Always read and follow the directions on the label to ensure safe and effective use.

  • Wear skin protection and consider eye protection for potential splash hazards
  • Ensure adequate ventilation
  • Use no more than the amount recommended on the label
  • Use water at room temperature for dilution (unless stated otherwise on the label)
  • Avoid mixing chemical products
  • Label diluted cleaning solutions
  • Store and use chemicals out of the reach of children and pets

You should never eat, drink, breathe or inject these products into your body or apply directly to your skin as they can cause serious harm. Do not wipe or bathe pets with these products or any other products that are not approved for animal use.

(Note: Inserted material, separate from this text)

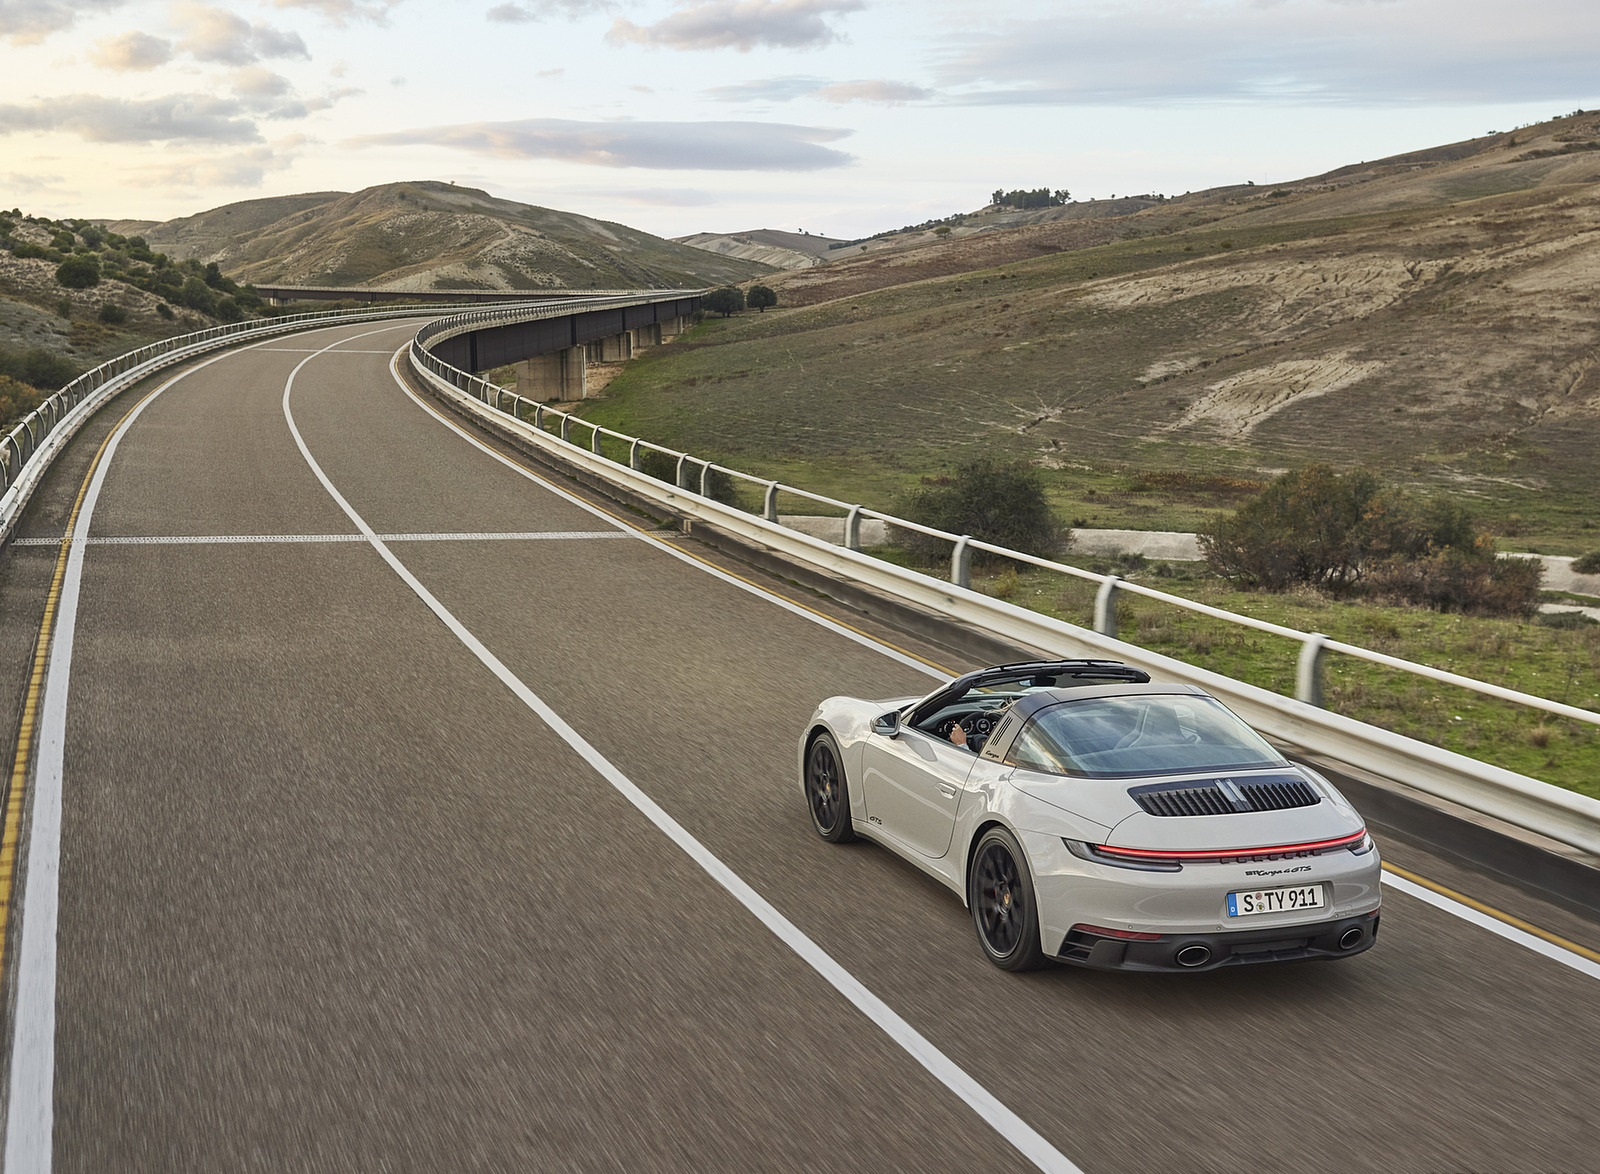 2022 Porsche 911 Targa 4 GTS Rear Three-Quarter Wallpapers (5)

See EPA’s 6 steps for Safe and Effective Disinfectant Useexternal icon

  • Diluted household bleach solutions may also be used if appropriate for the surface.
    • Check the label to see if your bleach is intended for disinfection and has a sodium hypochlorite concentration of 5%–6%. Ensure the product is not past its expiration date. Some bleaches, such as those designed for safe use on colored clothing or for whitening may not be suitable for disinfection.
    • Unexpired household bleach will be effective against coronaviruses when properly diluted.
      Follow manufacturer’s instructions for application and proper ventilation. Never mix household bleach with ammonia or any other cleanser.
      Leave solution on the surface for at least 1 minute.

      To make a bleach solution, mix:
    • 5 tablespoons (1/3rd cup) bleach per gallon of room temperature water
      OR
    • 4 teaspoons bleach per quart of room temperature water
  • Bleach solutions will be effective for disinfection up to 24 hours.
  • Alcohol solutions with at least 70% alcohol may also be used.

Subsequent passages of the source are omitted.